Significance. If the detector reliably identifies consolidable duplicates and the savings model is validated, the work would offer a substantial, quantifiable reduction in BDD maintenance burden with direct ties to established quality characteristics. The public corpus, labeled benchmark, and reproducible calibration (including inter-rater metrics and baseline comparisons) constitute a clear contribution to empirical software engineering, enabling future detector development and replication.

major comments (2)

[Results (savings model)] Results (savings model): the model estimates 893,357 corpus-wide eliminable occurrences and 62.5% median-repository eliminable lines by treating every member of a detected cluster as interchangeable for consolidation under ISO 25010. No validation, discussion, or check is provided for whether near-paraphrase steps can actually be replaced by a single definition without altering behavior, parameter bindings, scenario context, or glue-code paths in .feature files; this assumption is load-bearing for the central maintenance-savings claim.
[Method (detector calibration)] Method (detector calibration): the hybrid detector relies on free parameters (Levenshtein band width and cosine threshold) whose selection process, data-exclusion criteria, and sensitivity analysis are not fully detailed.
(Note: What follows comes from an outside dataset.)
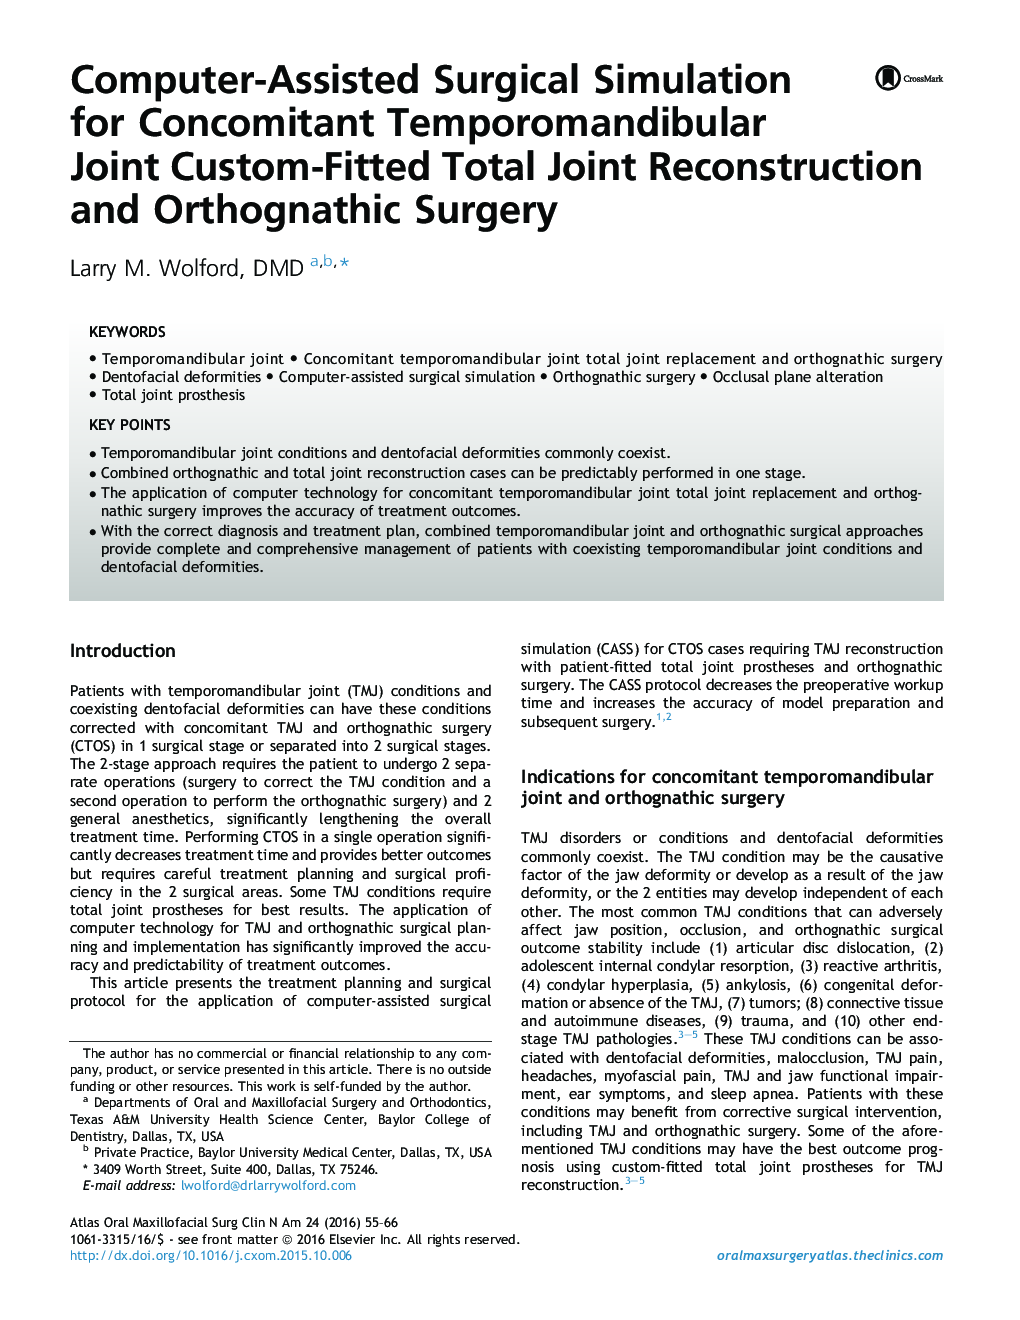 Computer-Assisted Surgical Simulation for Concomitant Temporomandibular Joint Custom-Fitted Total Joint Reconstruction and Orthognathic Surgery

This prevents independent verification of the reported precision/recall/F1 values and bootstrap CIs, particularly given the disclosed post-hoc stratification artefact affecting the semantic F1.

minor comments (2)

[Results] The distinction between the primary rubric and the score-free relabelling (used for the near-exact F1) should be clarified with an explicit example pair in the main text to aid reader interpretation of the two F1 figures.
[Results] Table or figure presenting the top cluster (20,737 occurrences) would benefit from an additional column showing repository distribution to illustrate cross-organizational spread.

Simulated Author's Rebuttal

2 responses · 0 unresolved

We thank the referee for the detailed and constructive report. We address the two major comments point-by-point below, proposing targeted revisions to strengthen the manuscript while preserving its core contributions. All changes will be incorporated in the revised version.

read point-by-point responses

Referee: [Results (savings model)] Results (savings model): the model estimates 893,357 corpus-wide eliminable occurrences and 62.5% median-repository eliminable lines by treating every member of a detected cluster as interchangeable for consolidation under ISO 25010. No validation, discussion, or check is provided for whether near-paraphrase steps can actually be replaced by a single definition without altering behavior, parameter bindings, scenario context, or glue-code paths in .feature files; this assumption is load-bearing for the central maintenance-savings claim.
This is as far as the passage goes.